Exercise data below:
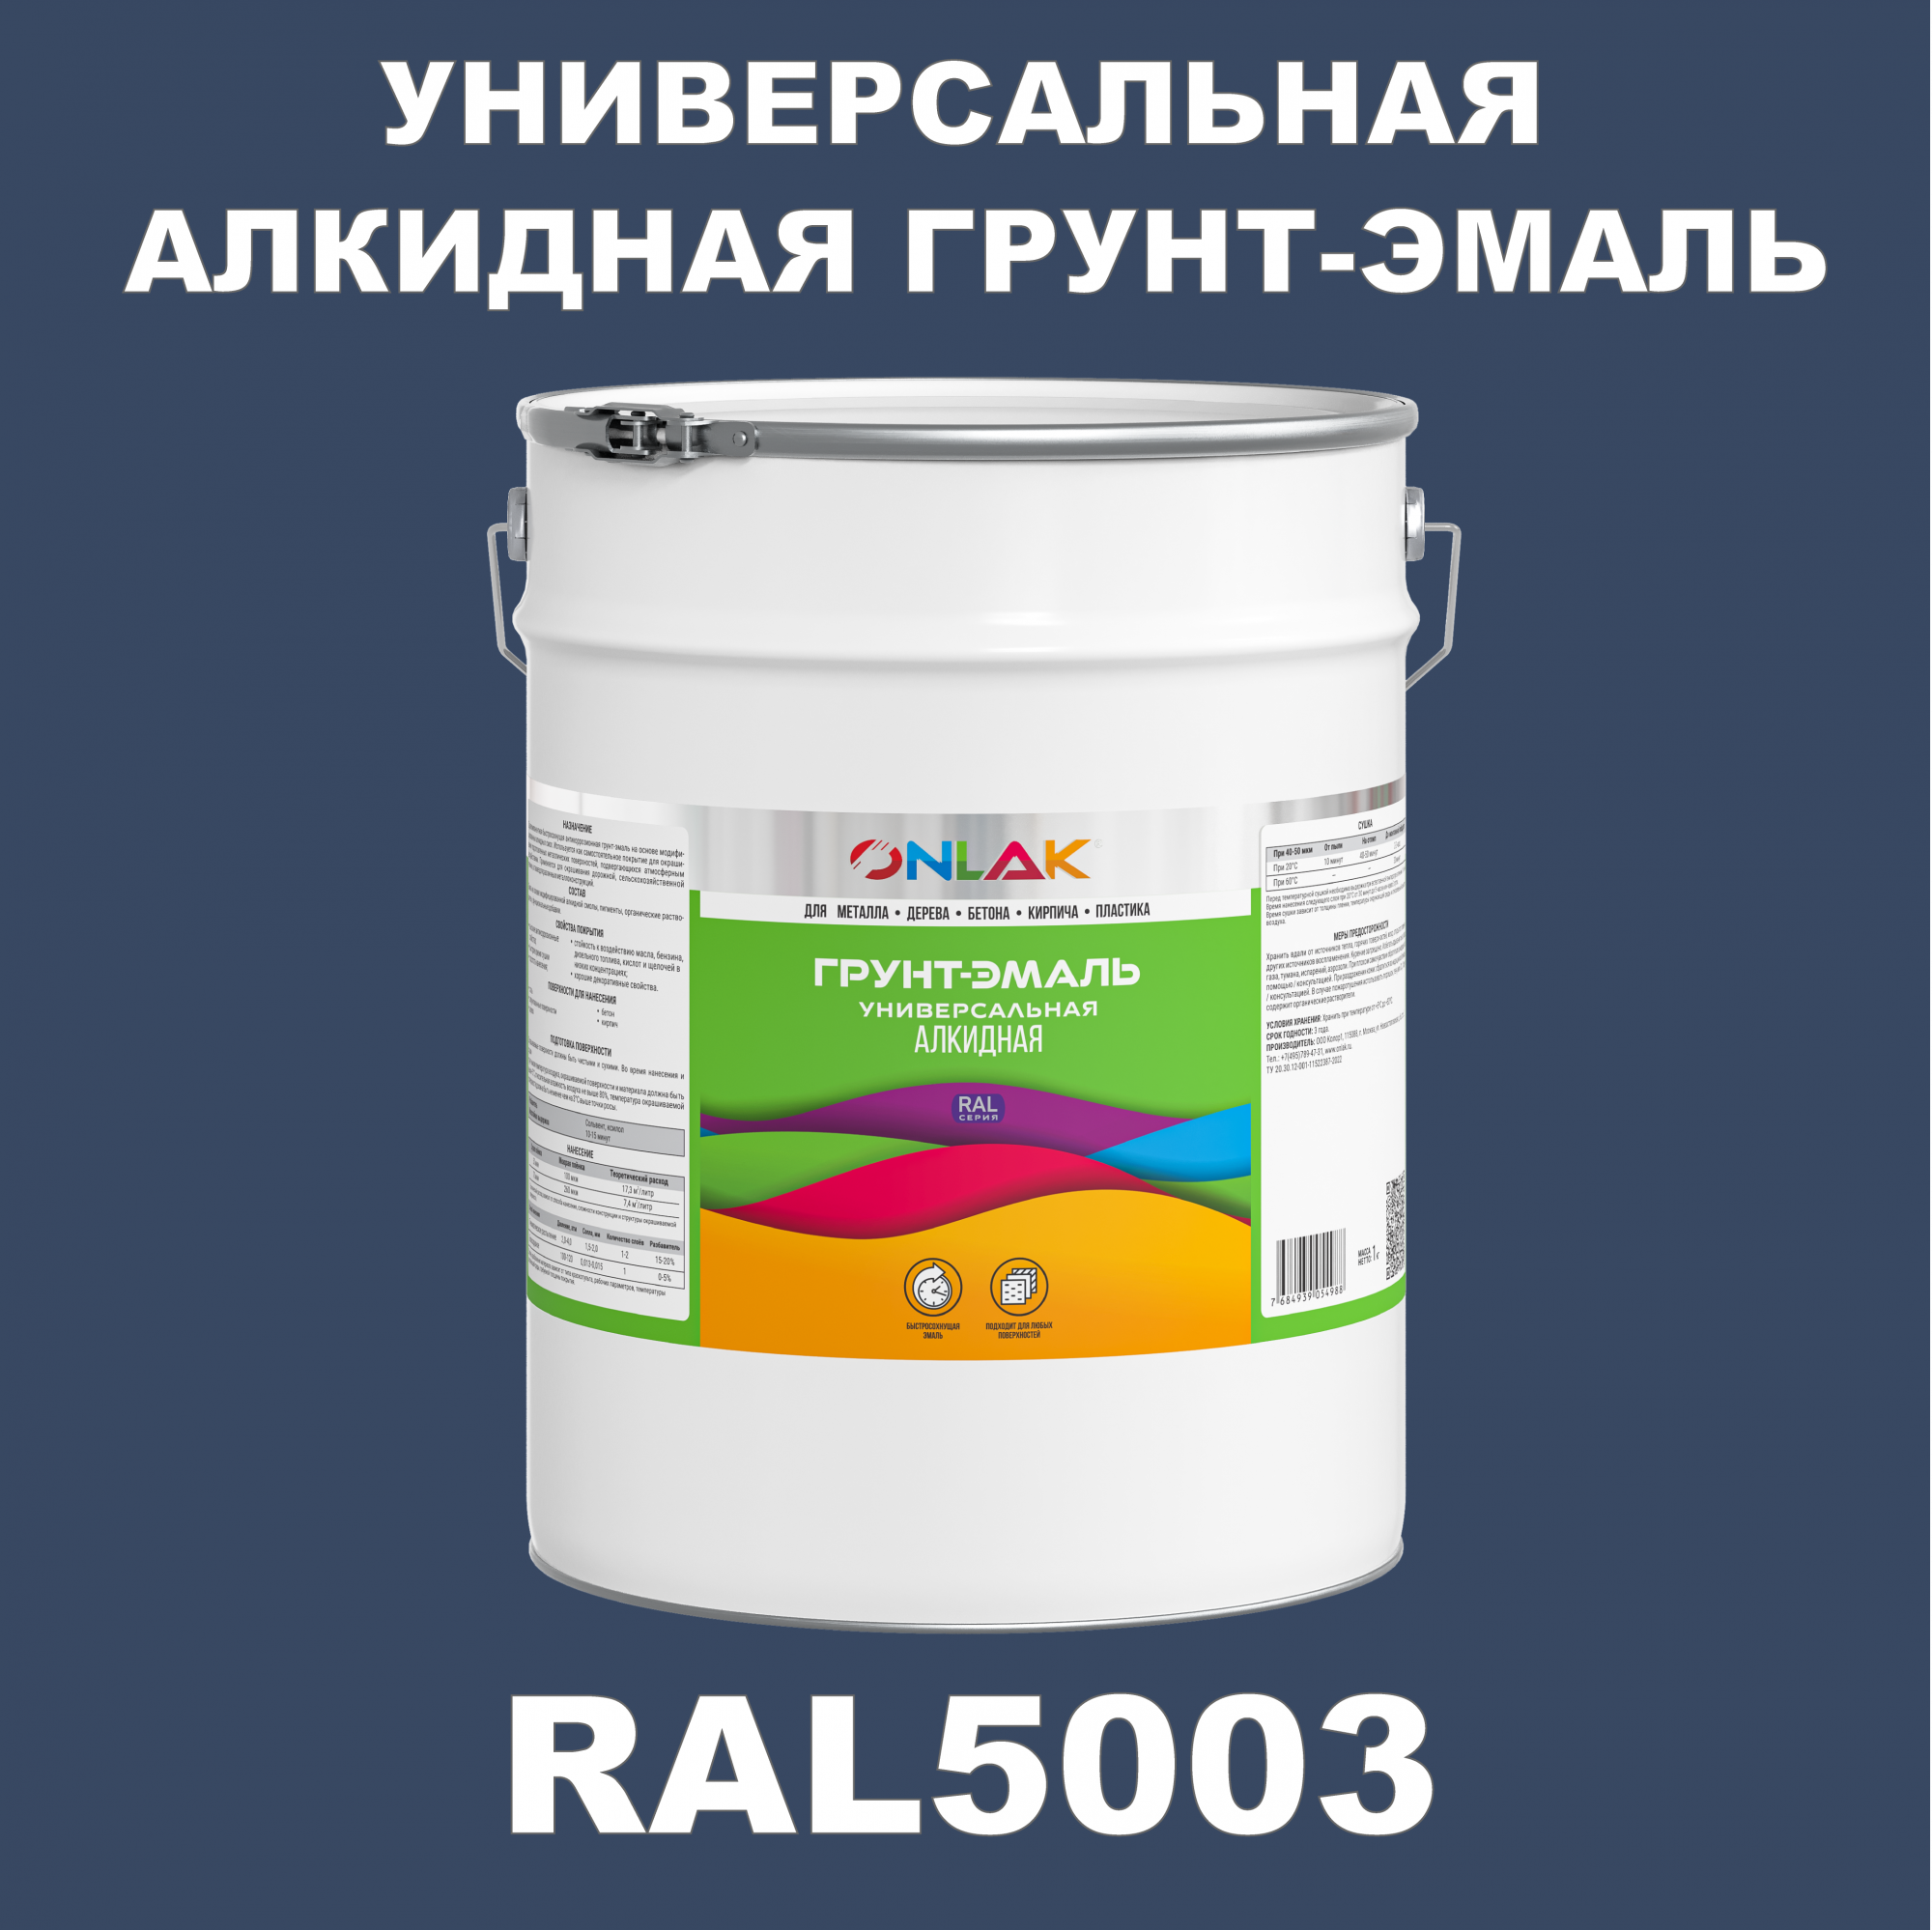 Грунт-эмаль ONLAK 1К RAL5003 антикоррозионная алкидная по металлу по ржавчине 20 кг грунт эмаль престиж по ржавчине алкидная зеленая 1 9 кг
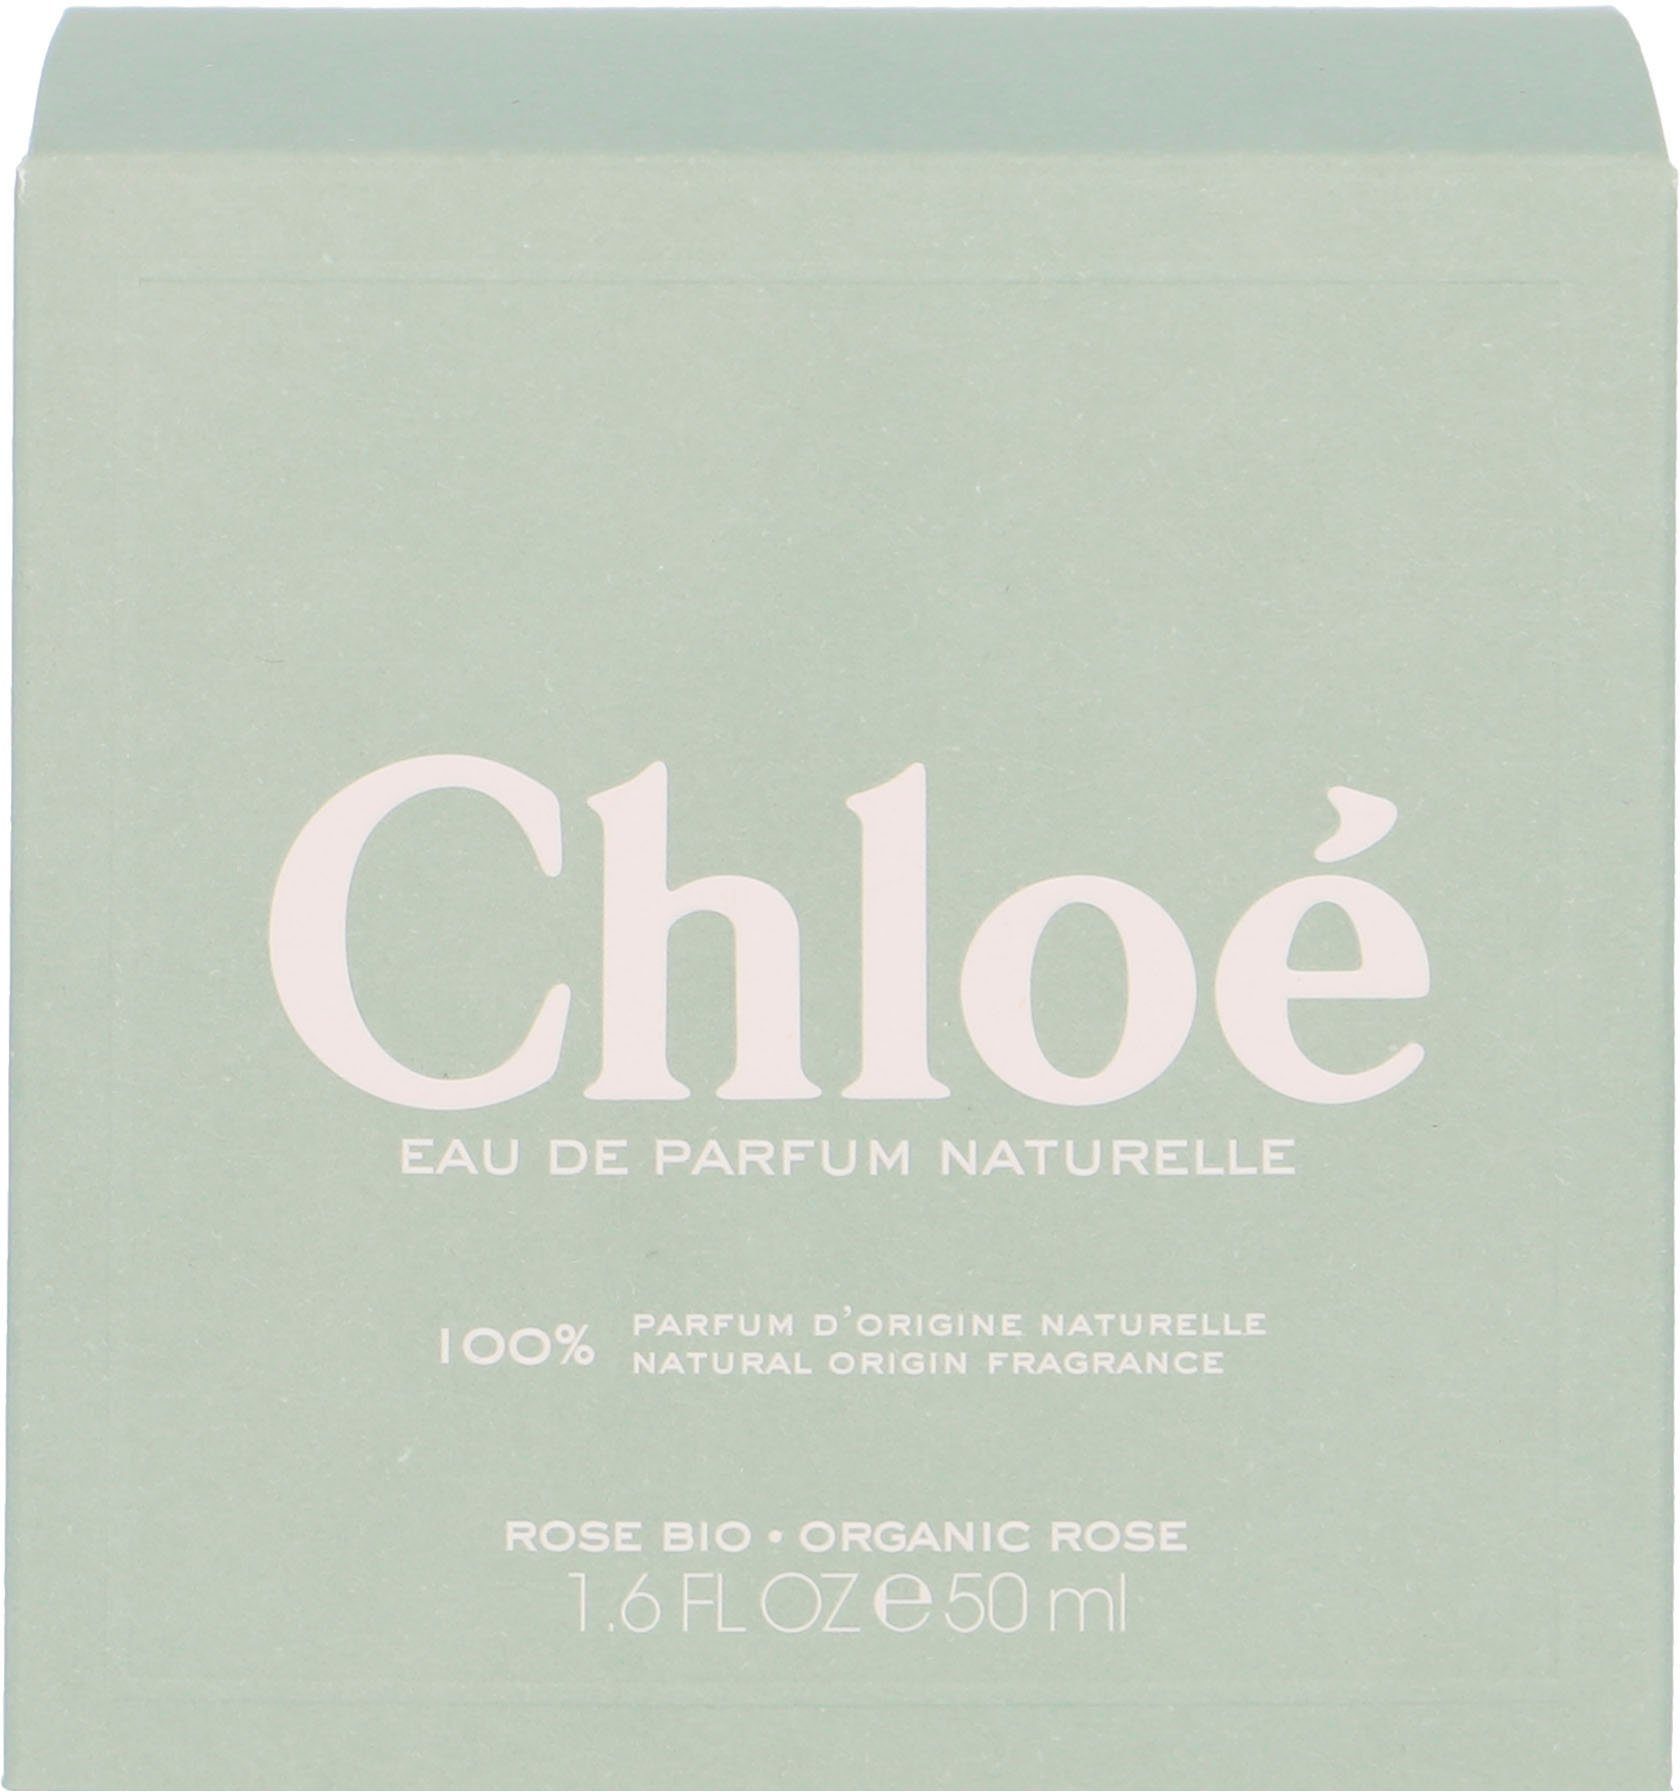 Chloé Parfum de Naturelle Eau Signature
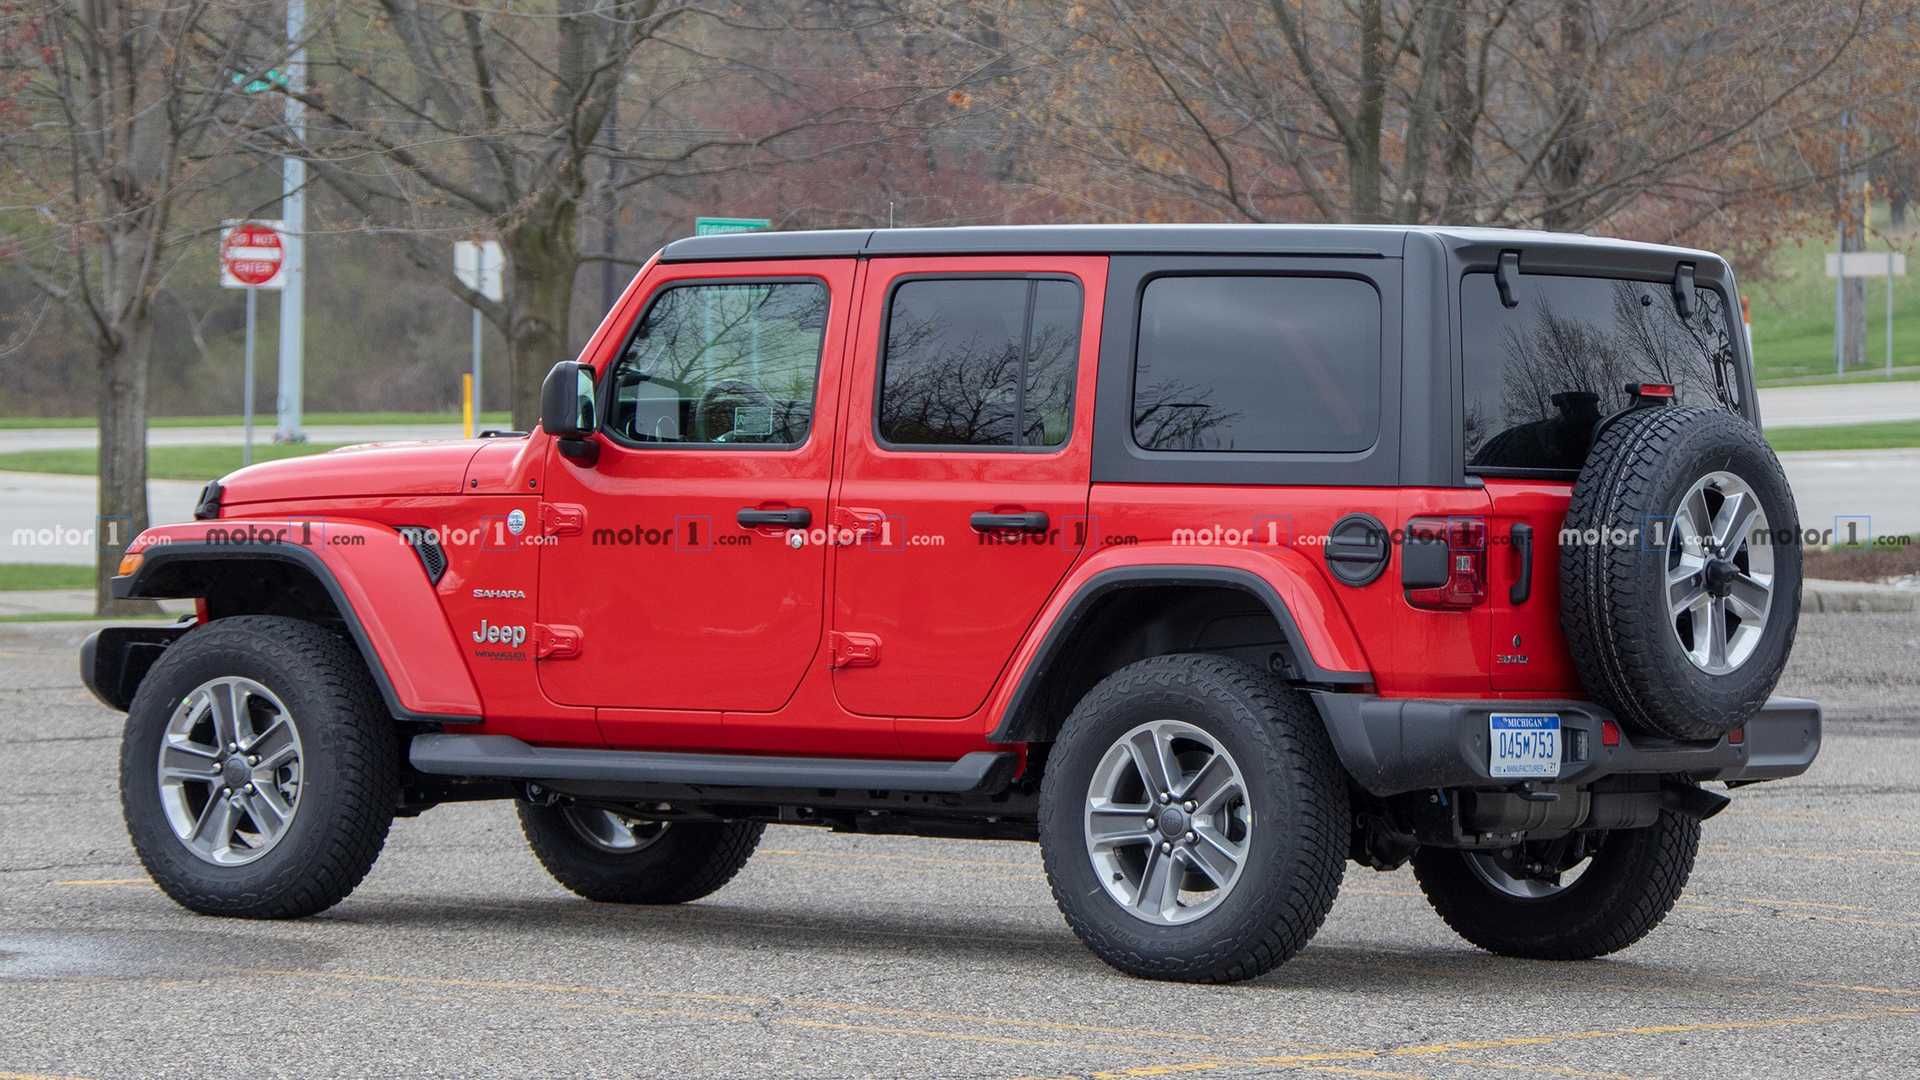 2010款Jeep牧马人柴油版谍照曝光 新车有望年底发布
End of Exercise data.
What the task asks
Retype the lines above exactly, no pictures.

Worked solution
 Грунт-эмаль ONLAK 1К RAL5003 антикоррозионная алкидная по металлу по ржавчине 20 кг грунт эмаль престиж по ржавчине алкидная зеленая 1 9 кг
 Chloé Parfum de Naturelle Eau Signature
 2010款Jeep牧马人柴油版谍照曝光 新车有望年底发布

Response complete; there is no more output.